OBJECTIVE: The objective of this Open Call for S&T Innovation topic is to develop applied research toward an innovative capability within SOCOM S&T Capability Focus Areas (CFA). The following are the CFAs and areas of interest.
DESCRIPTION:
Next Generation Intelligence, Surveillance, Reconnaissance, and Situational Awareness
The focus is to increase and enhance Special Operations Forces (SOF) ability to understand and manage threats and the environment, process multiple data and communications inputs for optimized decision making, and support rapid, on-the-move ability to learn and communicate knowledge to enhance tactically relevant situational awareness in peer/near peer environments.

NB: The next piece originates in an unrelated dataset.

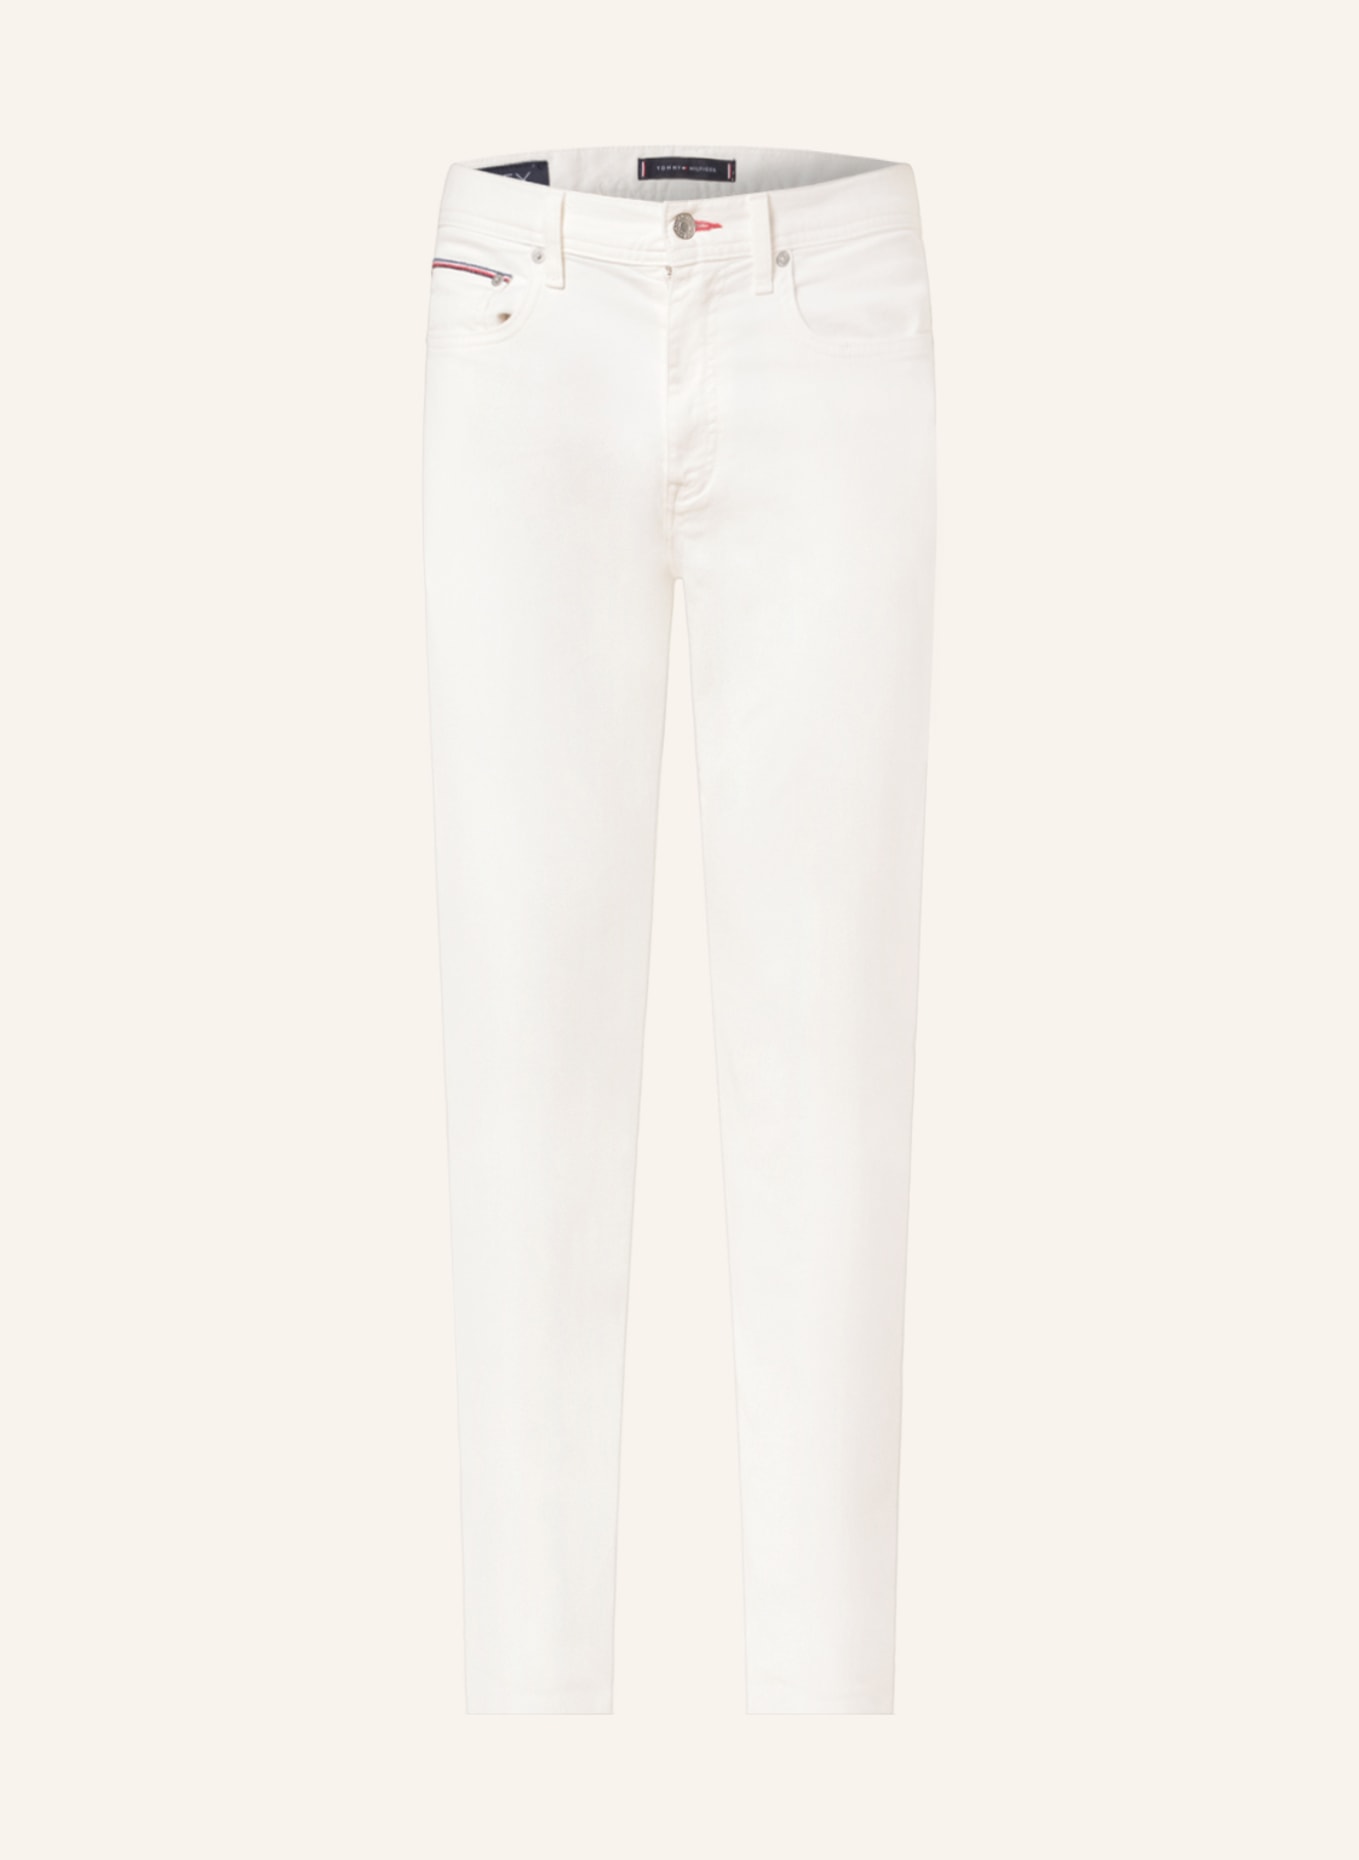 TOMMY HILFIGER Jeans HOUSTON Slim Taper Fit, Farbe: 1CD Gale White (Bild 1)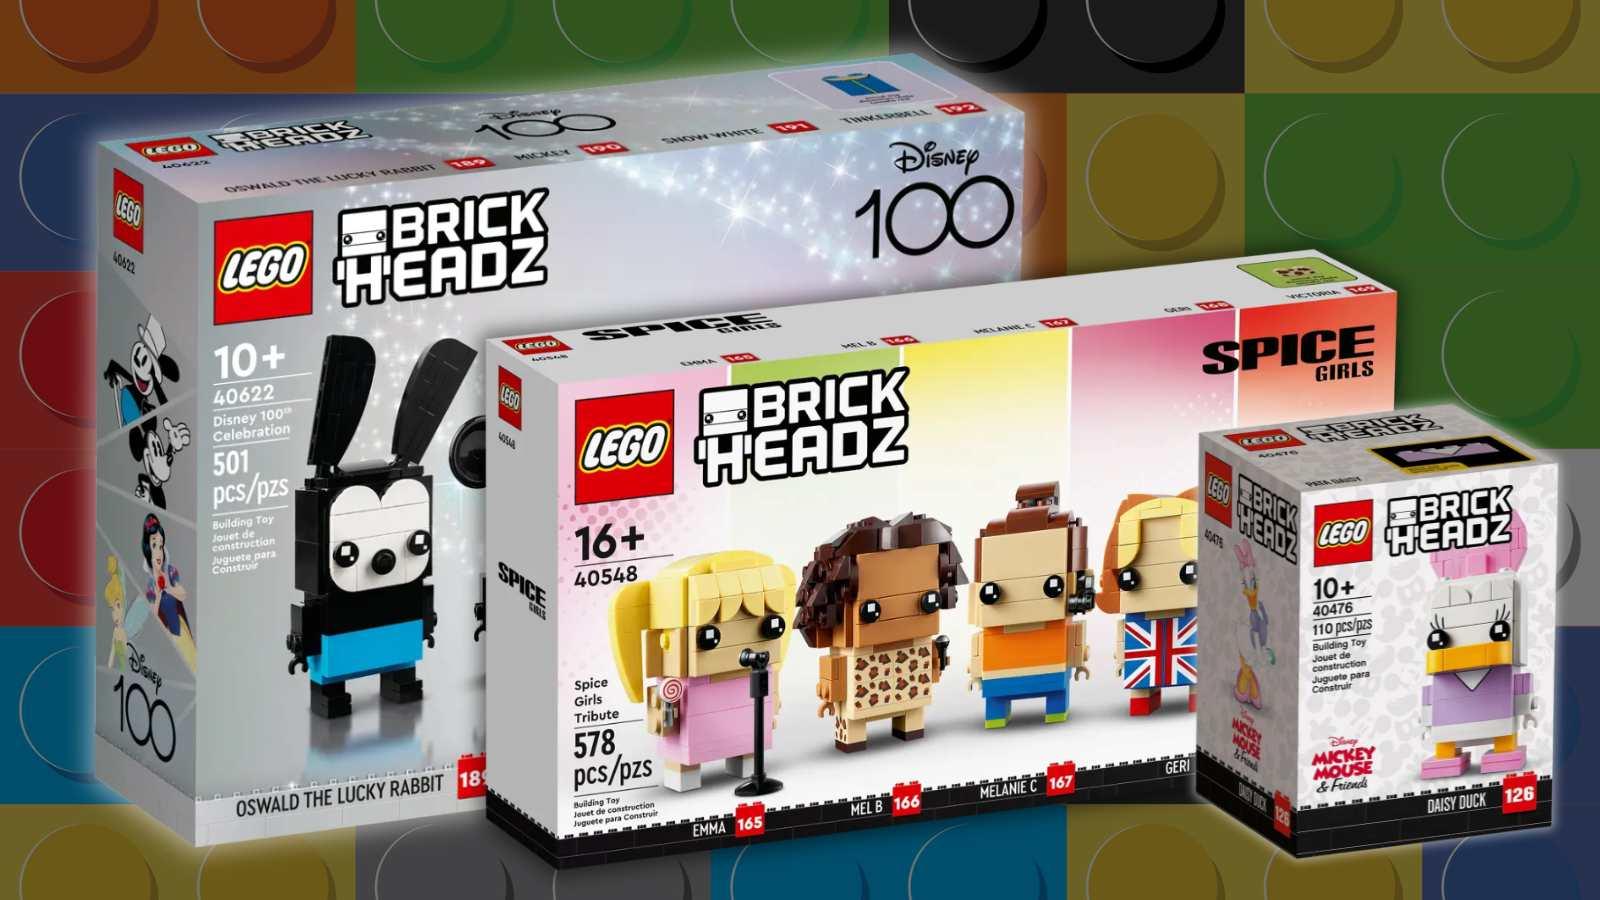 Three of the LEGO BrickHeadz sets discounted at LEGO

Develop cross-cutting ISR capabilities in all domains, to include sea, air, land, cyber, and space.
The technology areas of interest are intelligence systems and sensors that provide persistent, autonomous, and near-real time CPED (collection, processing, exploitation, and dissemination), leveraging artificial intelligence and machine learning to provide predictive analysis, current operational and intelligence pictures utilizing myriad sensors, LPI/LPD communications, and machine processing to augment the analyst and operator in multiple domains.
1) (U) Collaborative Automation and Minimization of PED through machine learning and other offboarding efforts
2) (U) Exploitation of maritime access opportunities (Data Transport, Platform) to fuse with other domains, e.g. ground, air, cyber.
3) (U) Expansion of ISR operations to include exploitation of cyber, social media, and publicly available information
4) (U) Explore miniaturized space efforts and advocate for SOF equities in larger US Space Command and US Space Force programs to integrate SOF tactical capabilities and technologies with national and strategic capabilities
5) (U) Stealth for sensor and data access, emplacement, access, collection, transport, and fusion
Next Generation Effects
The technology areas of interest are force protection at the edge, non-kinetic scalable effects, Mission Information Support Operations, Electronic Warfare, Cyber Effects, and Tactical directed energy.
Specific technologies of interest within Next Generation Effects are:
1) (U) Cyber Platforms that have the capability to provide digital and physical situational awareness in connected environments through utilization of IoT devices, networks, and systems.
2) (U) Cyber Applications capable of tracking and exploiting targeted mobile electronics, SCADA systems, and IoT devices.
3) (U) Cyber payloads with deny, disrupt, degrade, or destroy capabilities that are able to be employed to both networked and air-gapped computer devices and systems.
4) (U) Single sensor with the listening, jamming, communication, and injection capabilities within the same single sensor.
Futures
The overall objective of Futures is to serve as the Command’s high-risk, asymmetric, and disruptive concept, capability and technology investigator and incubator. The capability and technology areas of interest are:
1) (U) Utilization of neuromorphic computing for SOF-peculiar data processing and machine learning applications.
2) (U) Characterization and the feasibility of low-rate fabrication of high-performance batteries for SOF-peculiar requirements. Specifically, those with gravimetric energy densities > 700W-h/kg and volumetric energy densities > 1000 W-h/l (Li2-S, Li2-O2, or others).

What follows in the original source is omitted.